Em declaração à AFP no domingo, confirmando informação divulgada pela rádio RMC, um porta‑voz da companhia afirmou que, "em razão do contexto geopolítico atual no Oriente Médio e de suas repercussões sobre o preço do combustível de aviação, a Transavia França está adaptando sua programação de voos e é obrigada a proceder ao cancelamento de vários voos previstos para os meses de maio e junho de 2026".
Ryanair alerta: junho é o ponto crítico
O diretor‑executivo da Ryanair, Michael O'Leary, afirmou que não se espera escassez de querosene em maio na Europa, mas que junho já é uma incógnita. Segundo ele, as próprias petroleiras admitem não conseguir garantir totalmente o fornecimento para esse período.
O'Leary foi direto ao associar os preços elevados à condução do conflito:
"Enquanto a guerra no Oriente Médio continuar e Trump continuar a lidar com isso tão mal, os preços do combustível permanecerão necessariamente mais altos."
Segundo o executivo, 10% a 20% do abastecimento da Ryanair está em risco. Ele destacou que o Reino Unido é o país mais exposto a cancelamentos, por depender em parte de fornecimento do Kuwait, diretamente impactado pelo bloqueio de Ormuz.
A França, por ora, afirma não enfrentar dificuldades imediatas de abastecimento, mas o governo admitiu que poderá liberar parte de seus estoques estratégicos se surgirem problemas de volume. A declaração foi feita pela porta‑voz do governo francês, Maud Bregeon, em 19 de abril.
Mesmo assim, a incerteza cresce, principalmente em relação ao mês de junho.

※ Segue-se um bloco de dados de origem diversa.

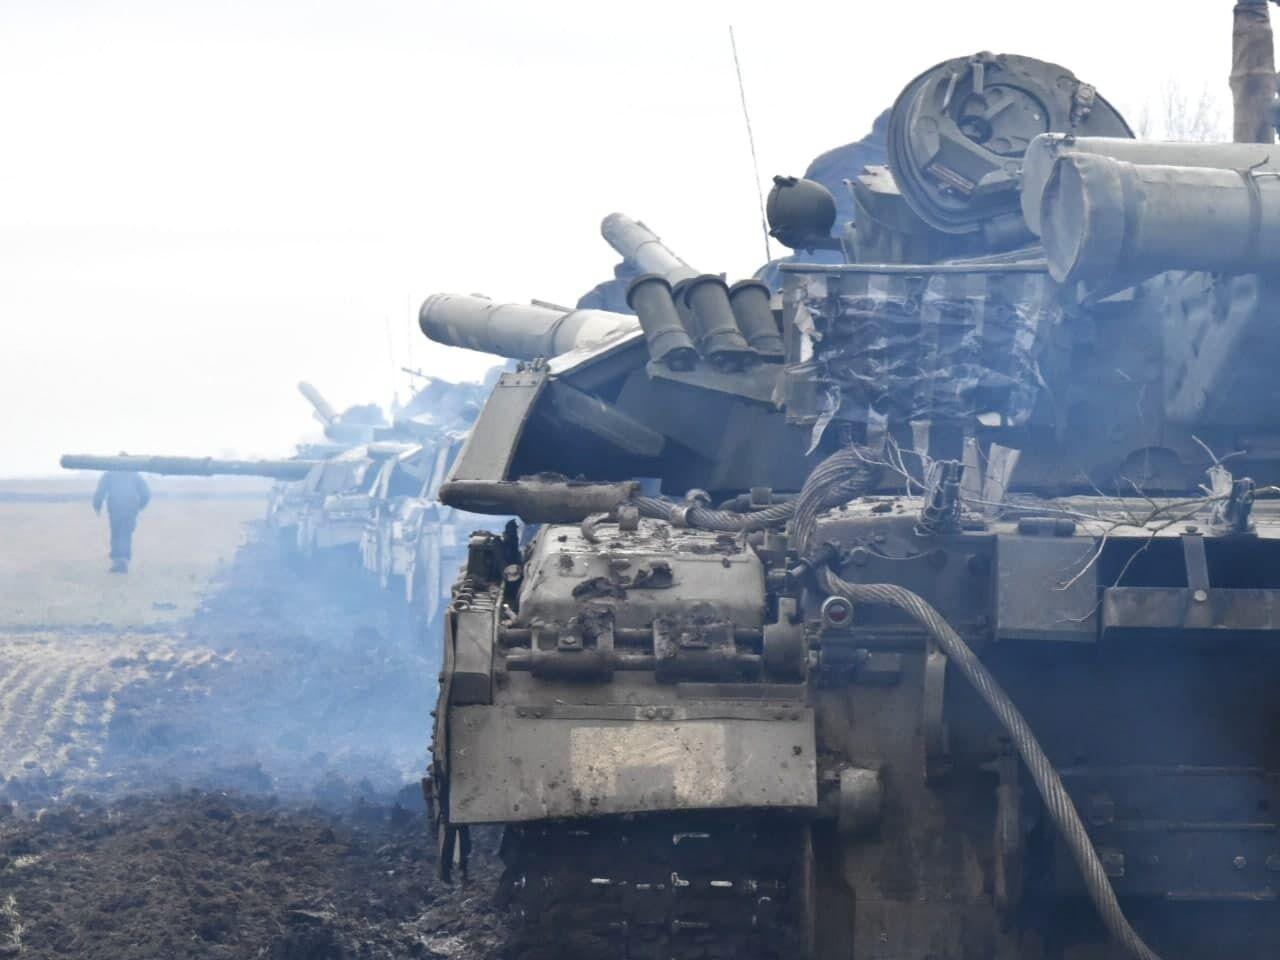 Танкові резерви ЗСУ на навчаннях протидіяли спробі прориву лінії оборони

Dependência europeia do Golfo e o bloqueio do estreito de Ormuz
O problema estrutural é conhecido: a Europa importa normalmente cerca de metade do seu querosene dos países do Golfo. Desde o início da guerra entre os Estados Unidos e o Irã, no fim de fevereiro, essa dependência se tornou um ponto crítico.
O estreito de Ormuz, por onde passa aproximadamente 20% de toda a produção mundial de hidrocarbonetos, está bloqueado por Teerã, interrompendo fluxos logísticos essenciais para o abastecimento energético global — e, por consequência, para a aviação civil.
Em Bruxelas, o comissário europeu Dan Jorgensen reconheceu que a União Europeia está se aproximando "muito rapidamente" de uma potencial crise de abastecimento, com o risco concreto de um verão marcado por passagens mais caras e cancelamentos de voos.